Schwäbische Zeitung (Laupheim)
Zwischen Corona und Präsidentenwahl
Wie eine Schwendierin ihren Studienanfang in Amerika erlebt
SCHWENDI - „Inzwischen bin ich sehr froh, dass ich hierher nach Texas geflogen bin“, sagt die 18-jährige Eva Riekenbrauck aus Schwendi. Der Anfang gestaltete sich allerdings schwierig – ein fremdes Land, ein Semesterbeginn an einer fremden Universität und dazu die Corona-Pandemie, die alles noch komplizierter macht. Das alles hat einige Herausforderungen mit sich gebracht.
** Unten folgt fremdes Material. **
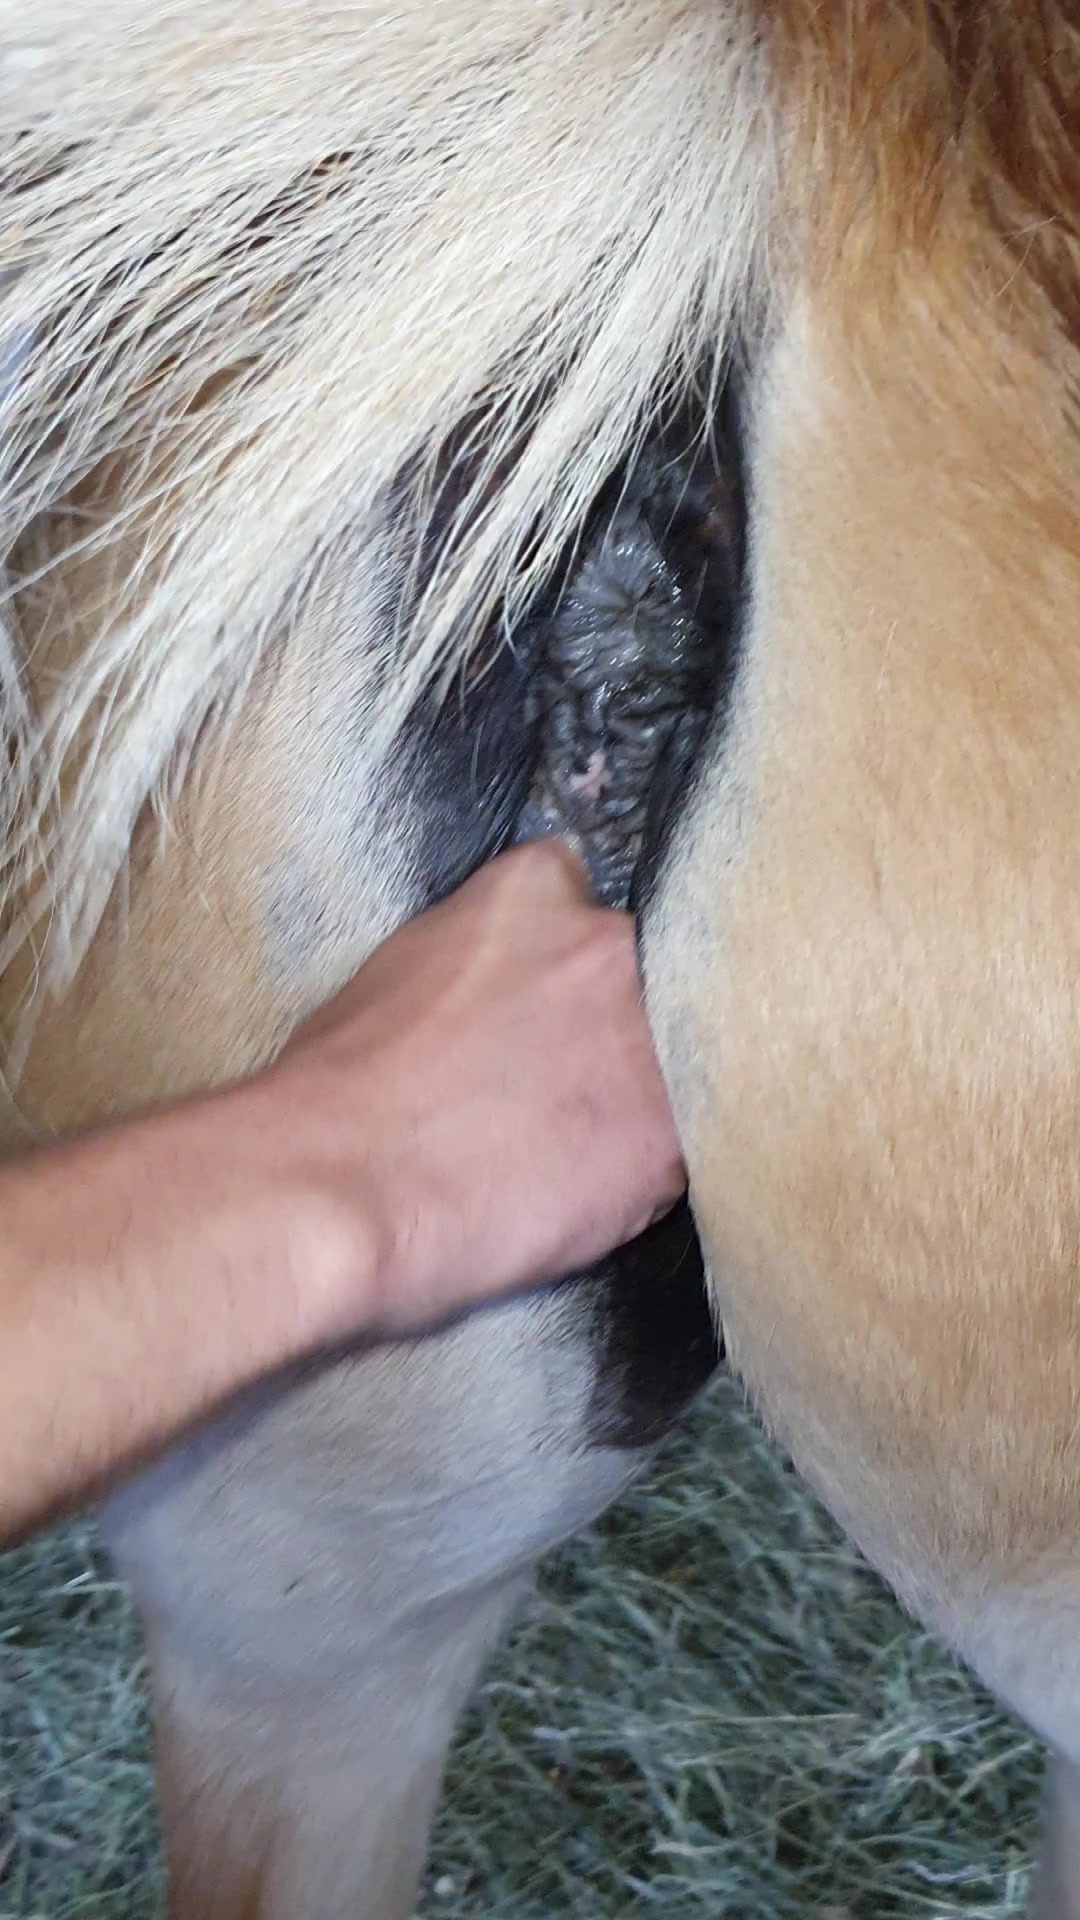 Horse sprays cum on woman face

Bis kurz vor ihrem Flug war nicht klar, ob sie ihr Studium überhaupt in Amerika beginnen kann, oder ob sie zunächst aus dem Homeoffice in Schwendi an den Online-Vorlesungen teilnehmen muss. „Im August konnte ich dann doch ein Visum beantragen und bin zwei Wochen später direkt geflogen“, erzählt Riekenbrauck. Nun hat sie einen Kurs vor Ort, ihre drei anderen Fächer erledigt sie online aus ihrem Zimmer in einer Studenten-WG auf dem Campus. Das Problem, mit dem sie sich direkt am Anfang auseinandersetzen musste: Leute kennenlernen ist auf diese Art schwierig. „Normalerweise gibt es auf dem Campus auch viele Events für Erstsemester, wo man schnell neue Freunde findet. Aber das ist jetzt natürlich alles nicht“, erzählt die 18-Jährige. „Am Anfang hatte ich deshalb sehr oft Heimweh.“
Das Gute an ihrem Studium sei aber, dass sie ein Tennis-Stipendium bekommen hat. Durch das Tennisteam hat sie deshalb andere Studierende kennengelernt. „Wir haben sogar drei Turniere außerhalb des Campus gespielt“, erzählt Riekenbrauck. Der Sport habe an ihrer Universität in Tyler überhaupt einen sehr großen Stellenwert. Die meisten Vorlesungen und Lehrveranstaltungen seien Vormittags, damit am Nachmittag genug Zeit für das Training bleibt. Bei dem muss sie übrigens immer die Sportklamotten der Uni tragen – was anfangs zu witzigen Situationen geführt hat: „Ich habe die Klamotten ausgepackt und sie waren viel zu groß“, erzählt sie. Ob sie neue bekommen hat? „Nö. Ich habe sie ein paar Mal in den Trockner getan!“
Abgesehen von den Tennisturnieren verlassen Studierende in Amerika
ihren Campus allerdings selten – vor allem in Zeiten der Corona-Pandemie. „Alles, was ich brauche, gibt es auf dem riesigen Campus. Das ist wie eine eigene Welt“, sagt Riekenbrauck. In einem zentralen Gebäude, dem University Center, seien eine Cafeteria, Klamottenläden, Schreibwarengeschäfte und vieles mehr. „Das ist vergleichbar mit dem Blautalcenter in Ulm, auch von der Größe her.“Auf dem Campus selbst sind neben den Gebäuden auch zwei Seen mit großen Parks – insgesamt ein sehr einladendes Bild, meint Riekenbrauck.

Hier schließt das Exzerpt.